Paris Air Show: Composites at the year's largest air show

Albany Engineered Composites, Fokker, Latecoere, Premium AEROTEC and others emphasized composite components and structures at this year's Paris Air Show. No word from Boeing, however, about the future of the 737.

The 2011 Paris Air Show (June 20-25) featured composites in a variety of applications, ranging from engine parts to fuselage structures. CompositesWorld sent a reporter to catch up on the latest.

There was disappointment at the show for those anticipating that Boeing might respond to the re-engined Airbus A320neo by launching a composites-intensive 737 replacement. Boeing explained its strategy of using the rest of this year to make a decision, either to fit more fuel efficient engines to the existing aircraft or launch an all-new aircraft later in 2012. One option Mike Bair (VP Advanced 737 Program) is considering is a small twin-aisled aircraft to meet the needs of rapid embarkation and unloading, to satisfy the needs of low-cost carriers. These planes, however, would not use unducted fans, as there was no way of coping with a blade-off failure, due to their weight and unpredictable trajectories.
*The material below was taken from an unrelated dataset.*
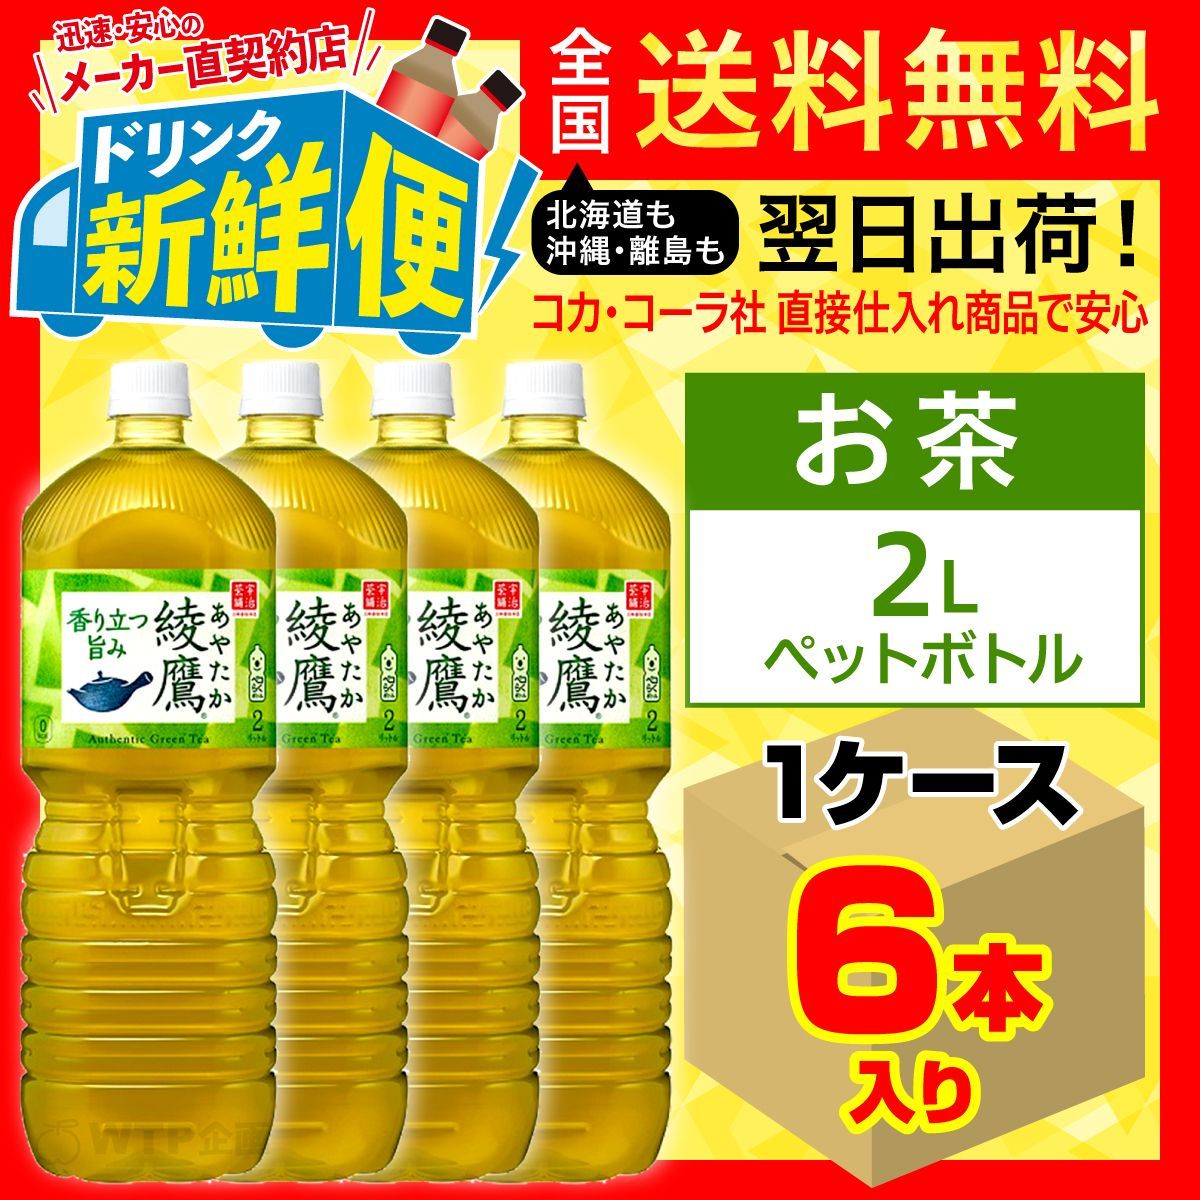 綾鷹 2L 6本入1ケース/お茶 緑茶 カテキン/112208C1

At a component level there was a great many new developments on display:

  • Composites are making continuing inroads in aero engines. The new Leap engine from CFM was shown with fan blades and case made by resin transfer molding (RTM), with pre-forms supplied by Albany Engineered Composites. On the IHI (Gunma-ken, Japan) stand, a development fan blade was on show.
  • Thermoplastic composite structures have made a big step into integrated structures with no mechanical fasteners. Fokker showed a complex wing leading edge with webs butt-joined to the skins. Displayed on the TenCate stand was a rudder with induction-welded ribs and skins, by KVE.
  • RTM was highlighted in a one-piece passenger door made by Latecoere (Toulouse, France) from tooling designed and made by Compose (Bellignat, France).
  • Out-of-autoclave (OOA) curing was on display by Premium AEROTEC (a fuselage barrel and helicopter frames), Hexcel (an unmanned aerial vehicle fuselage frame) and PPE (a very complex honeycomb sandwich panel).
  • Composites continues on its path to becoming the material of choice for omore than half of an aircraft, progressing from structures into engines and undercarriages.